By Gail Hurley, Project Manager, Tax Inspectors Without Borders (TIWB), UNDP and James Karanja, Head of Secretariat, TIWB
This opinion piece was originally published by TIWB
Tourism today is among the fastest growing ‘industries’ in the world. For Small Island Developing States (SIDS), tourism revenues are even more important. The United Nations World Tourism Organisation, estimates that tourism accounted for over 25% of GDP in at least seven SIDS in 2014, creating much needed job opportunities and bringing in foreign exchange. The OECD estimates that in 2016 international tourism revenue amounted to USD 1.22 trillion worldwide.
Appropriately taxing the tourism sector – a key economic sector for most SIDS – and strengthening the capacities of national tax administrations is even more critical, as many SIDS have come under increasing international pressure to diversify their economies and move away from financial services.
Multinational enterprises are major players in the tourism sector and this presents several challenges for tax administrations in SIDS. Firstly, hotel operators have various business models – from large resort owners and operators, to managed and franchised hotels, to marketing companies and booking agents. Navigating the complexities involved with the varying business models poses considerable difficulties for SIDS’ tax administrations that lack the sector‑specific knowledge about how the different business models work, particularly as they relate to the allocation of income and costs amongst the various players.
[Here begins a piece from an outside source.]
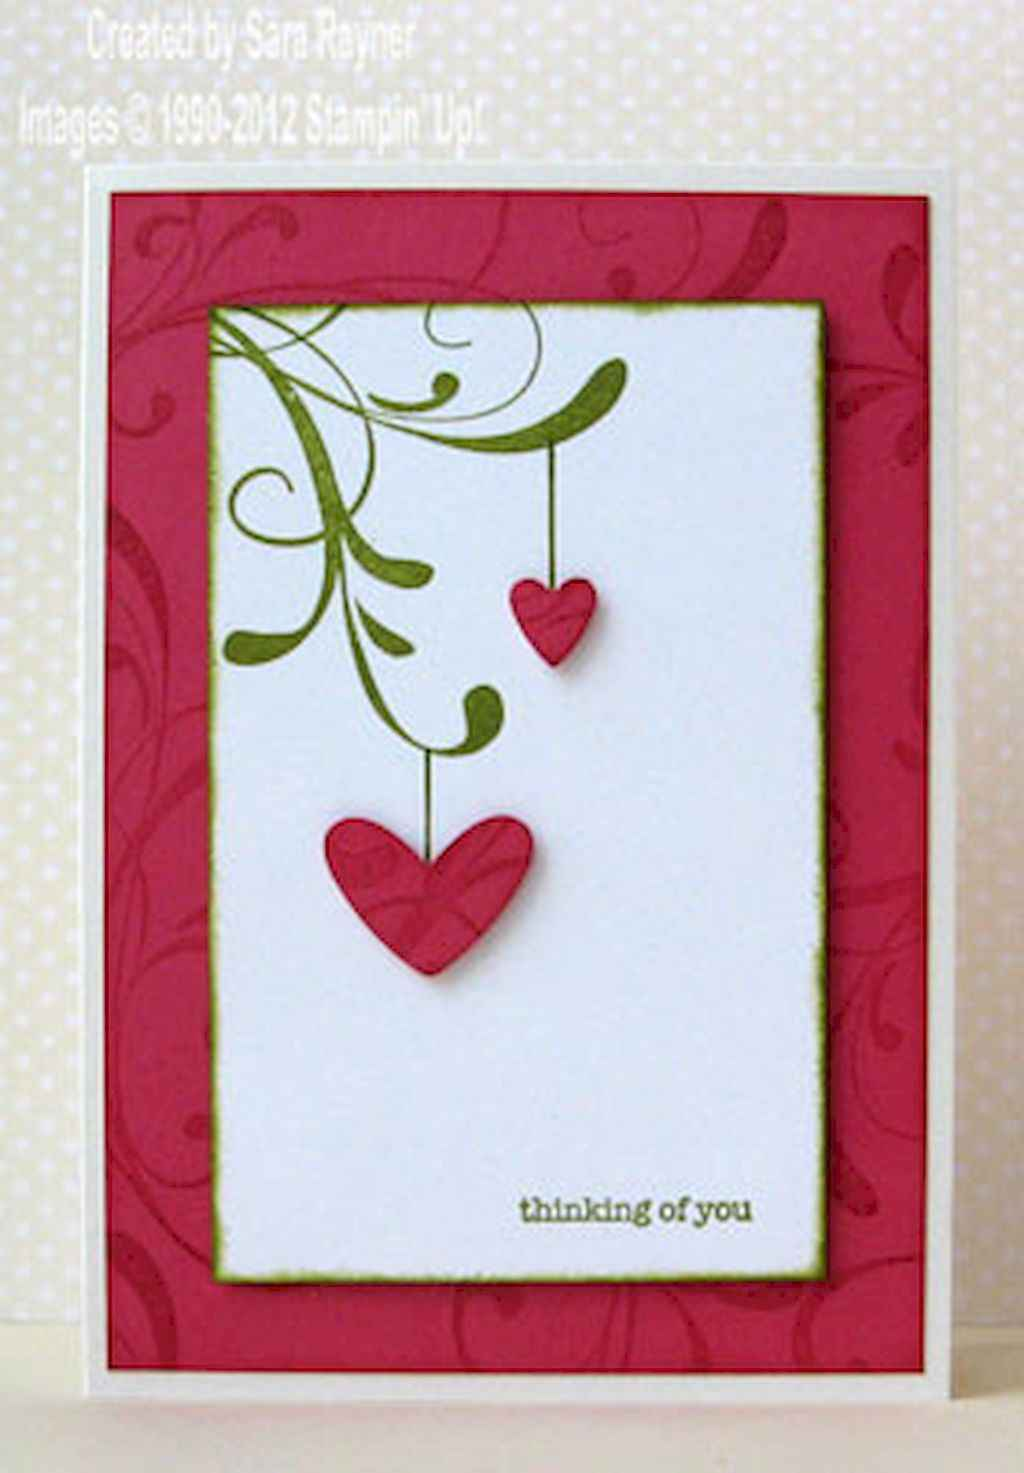 50 Romantic Valentines Cards Design Ideas (3)
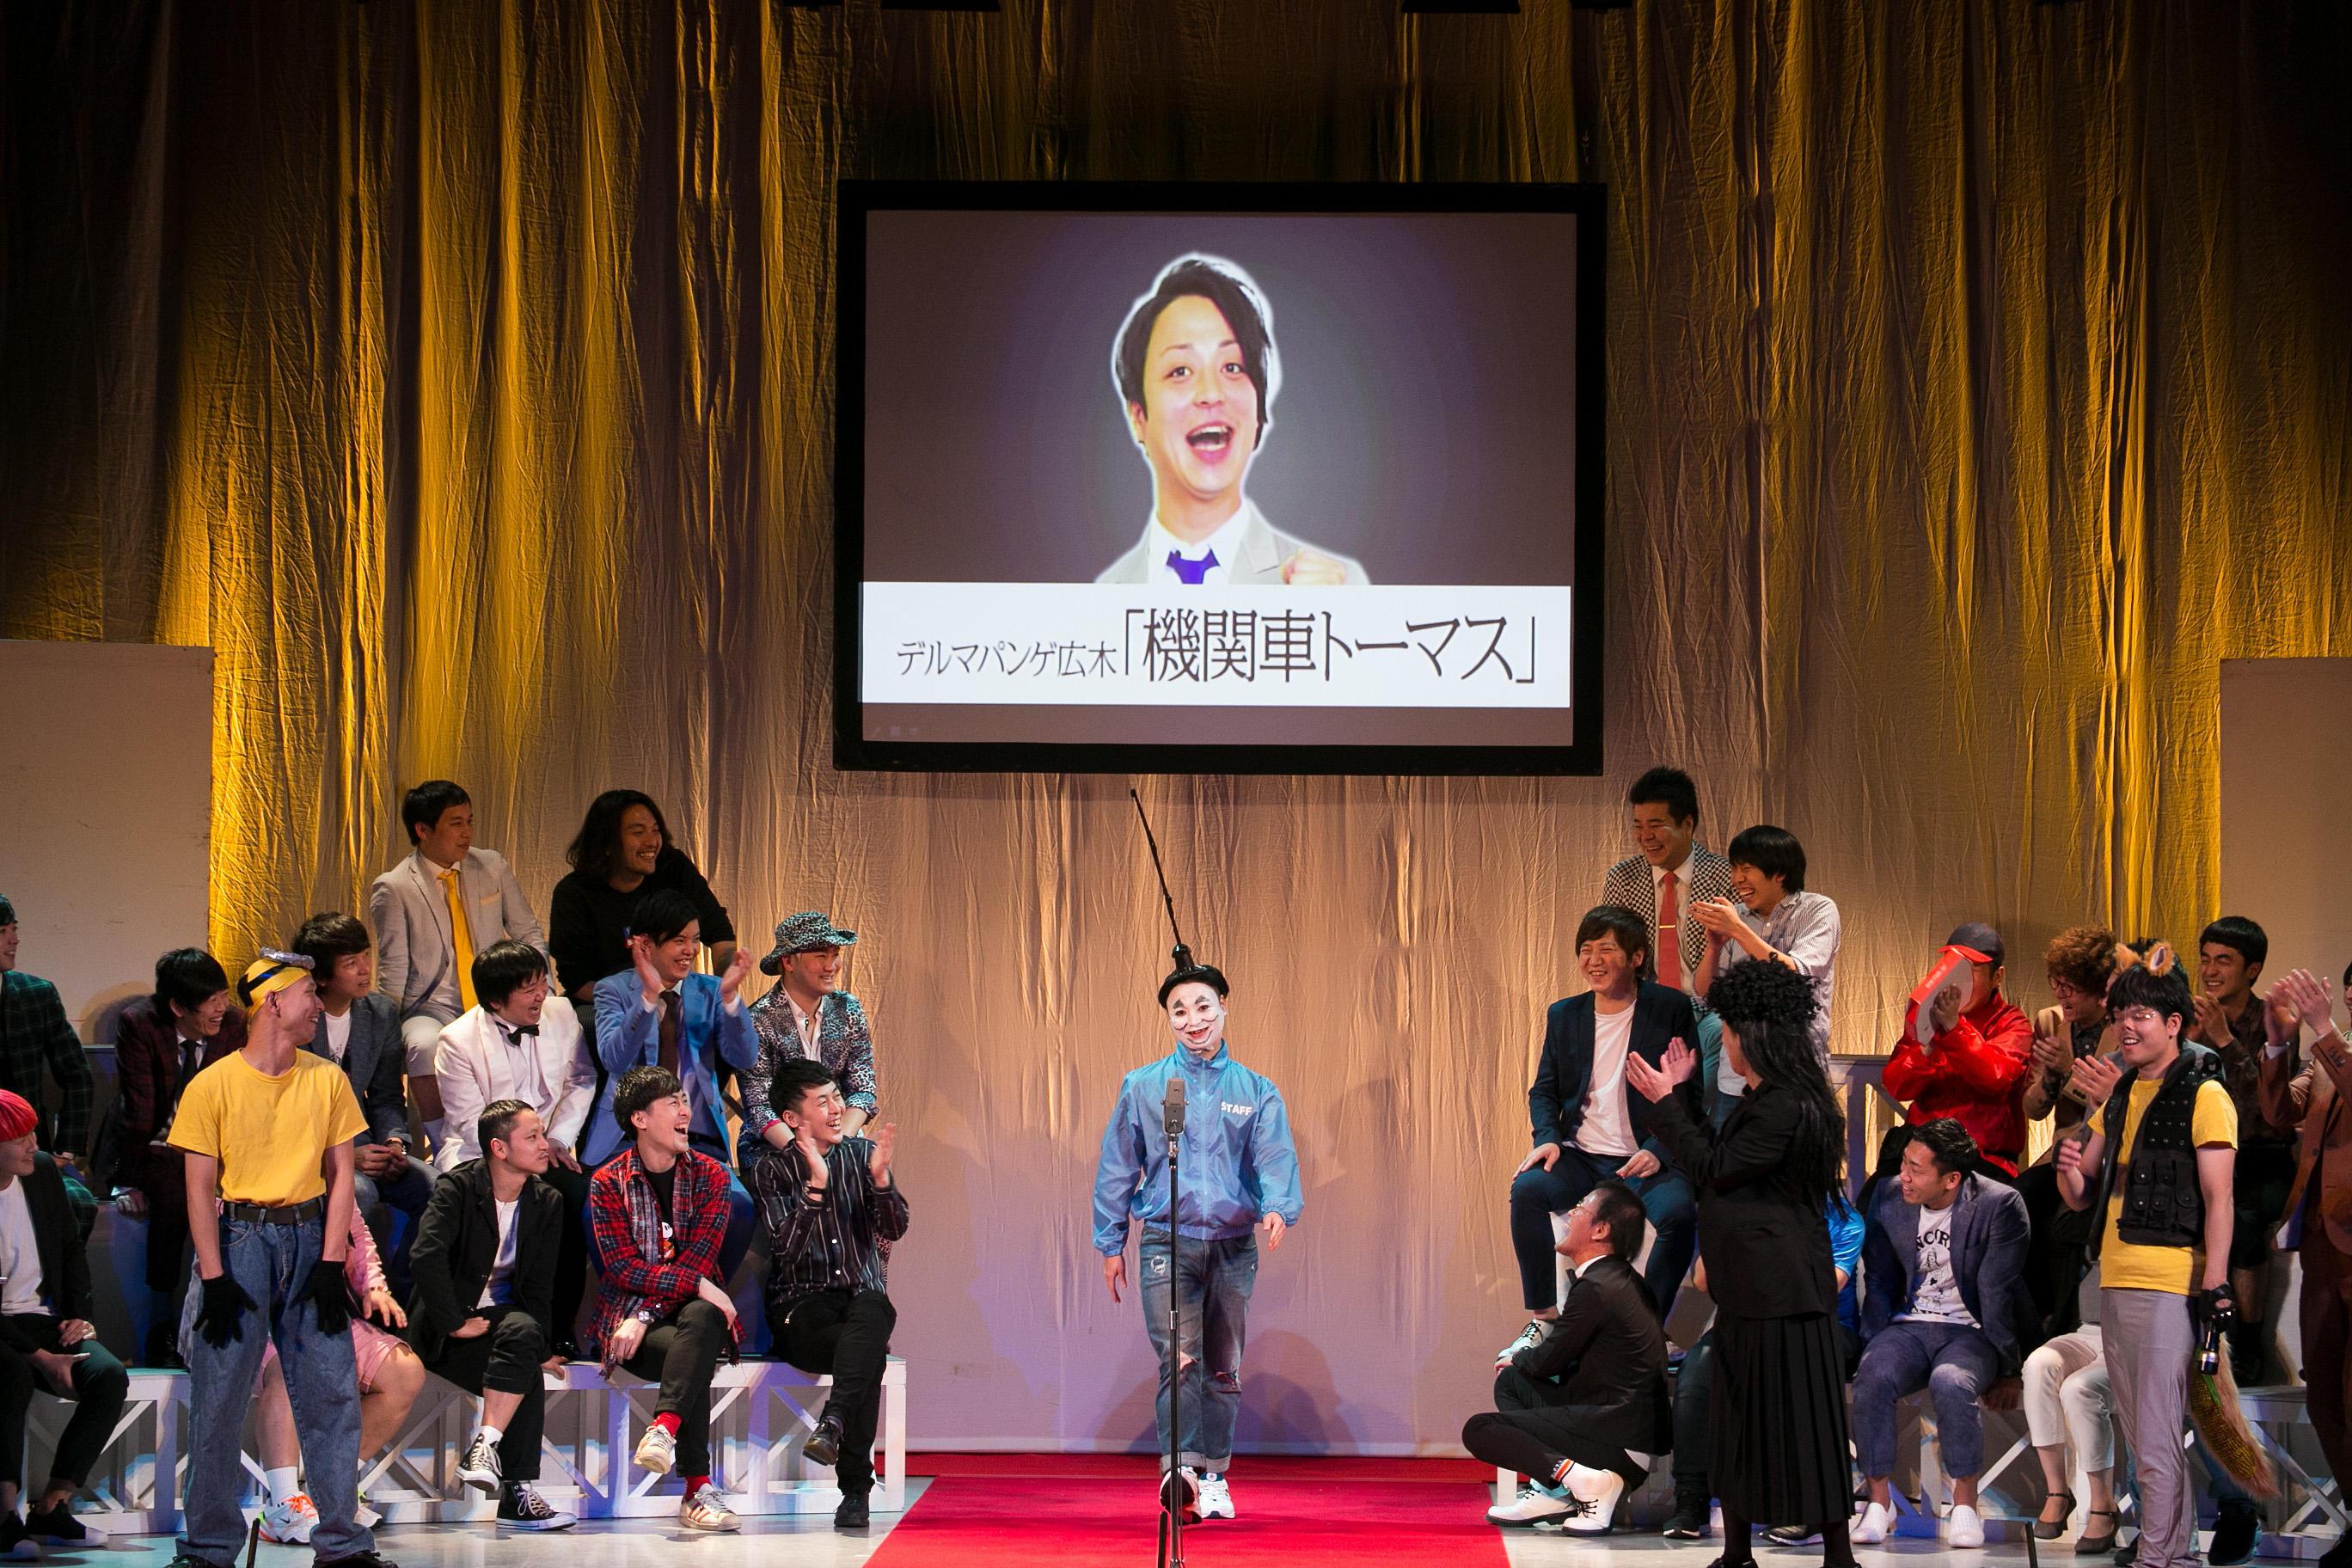 http://news.yoshimoto.co.jp/20181228112648-71c976dbb8ac698565209763bf853cee83b4e853.jpg

Secondly, there is extensive fragmentation of diverse operators in the tourism supply chain – from those offering all‑inclusive accommodation, to villas and bed and breakfasts, many operating through online booking portals making the traceability of operators’ income very difficult. Technology can sometimes be both friend and foe.
Thirdly, considerable transfer pricing risks emerge since the majority of hotel owners/operators do business with entities in low tax jurisdictions thus making the bulk of income ‘earned’ in these low tax jurisdictions not subject to taxation in the country of source. Other audit risks include intra‑group services, foreign exchange risk and overstatement of capital asset values.
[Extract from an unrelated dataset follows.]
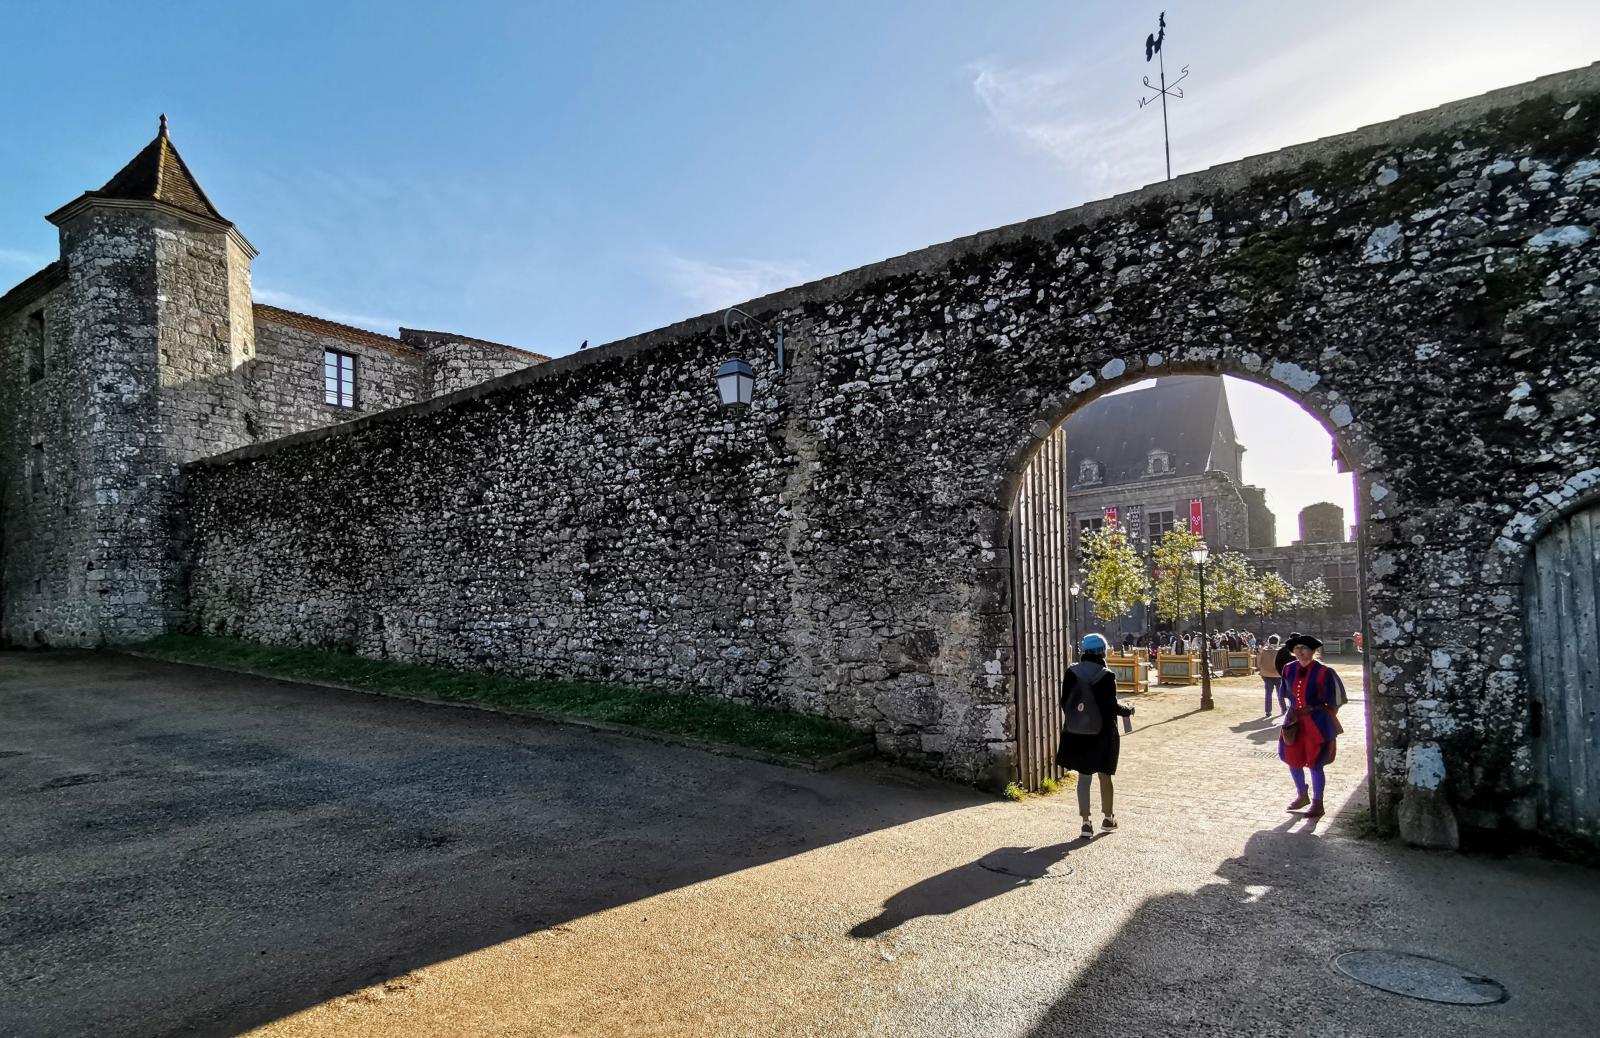 Här är vi på väg in genom muren till slottsgården för att besöka parkens eget (nybyggda) renässansslott.

There are serious skills deficiencies within many SIDS tax administrations. Local tax auditors need not only to have expertise in transfer pricing, but also to understand the intricacies of the tourism industry. Without these two key skills, tax administrations will lose much‑needed revenue.
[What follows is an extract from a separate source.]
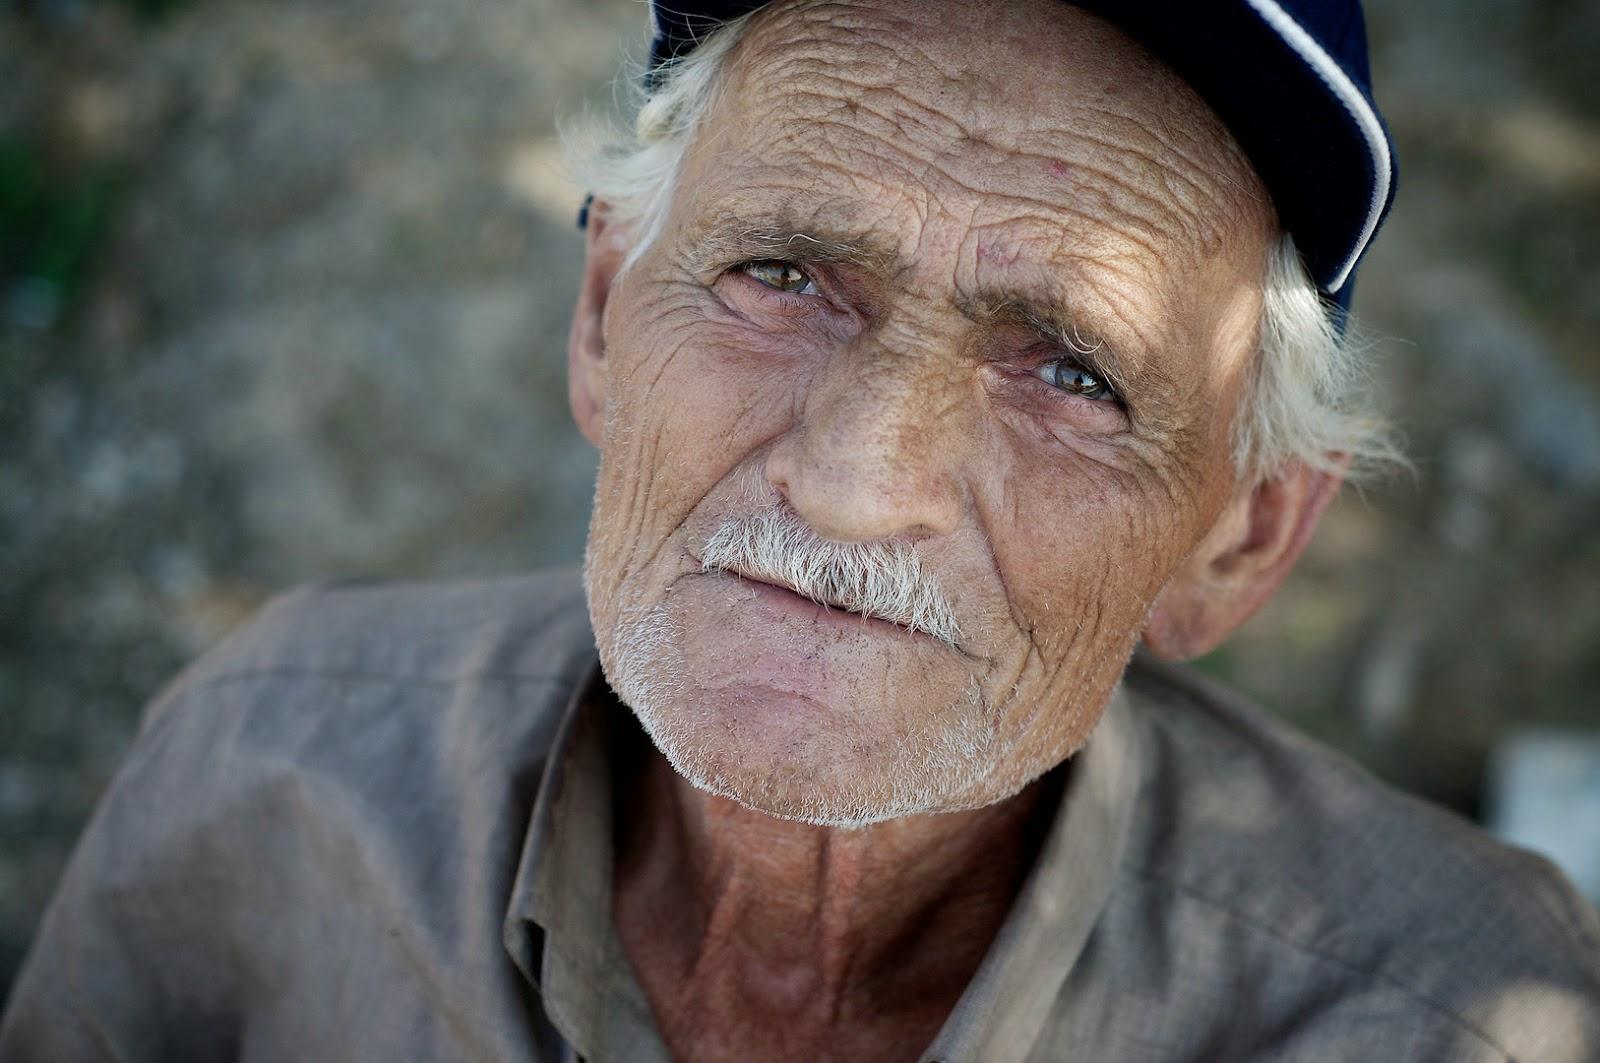 صورة صور رجل عجوز , يا رب ارحمنا فى الكبر و قوينا

TIWB is quickly gaining ground in the niche area of international tax audit assistance aimed at tackling suspected tax abuses in diverse sectors, including the tourism sector. Technical assistance provided by TIWB is just one component of a broader suite of interventions that aim to ensure better management of the tourism industry and greater transparency across SIDS. Other efforts by SIDS to improve tax yields from the tourism sector include a review of incentive regimes, enactment of transfer pricing and advance pricing agreement legislation. Countries and jurisdictions may also benefit from the signing of robust exchange of information instruments, such as the OECD Multilateral Convention on Mutual Administrative Assistance in Tax Matters, and the establishment of specialised units to facilitate the auditing of cases with transfer pricing issues.
Following positive feedback received from a TIWB learning event focused on tourism sector held at the United Nations in April 2018 in New York, the initiative is keen to team up with other development partners to organise a technical audit event on tourism in 2019. This event will bring together both audit and industry experts to discuss how to ensure that booming tourism contributes to achieving domestic resource mobilisation goals in developing countries.
The TIWB initiative is also working with partners such as the Business and Industry Advisory Committee (BIAC) to the OECD and regional tax associations to identify industry experts who can provide a better understanding of the specific hotel business value chains to tax officials and disseminate best practices.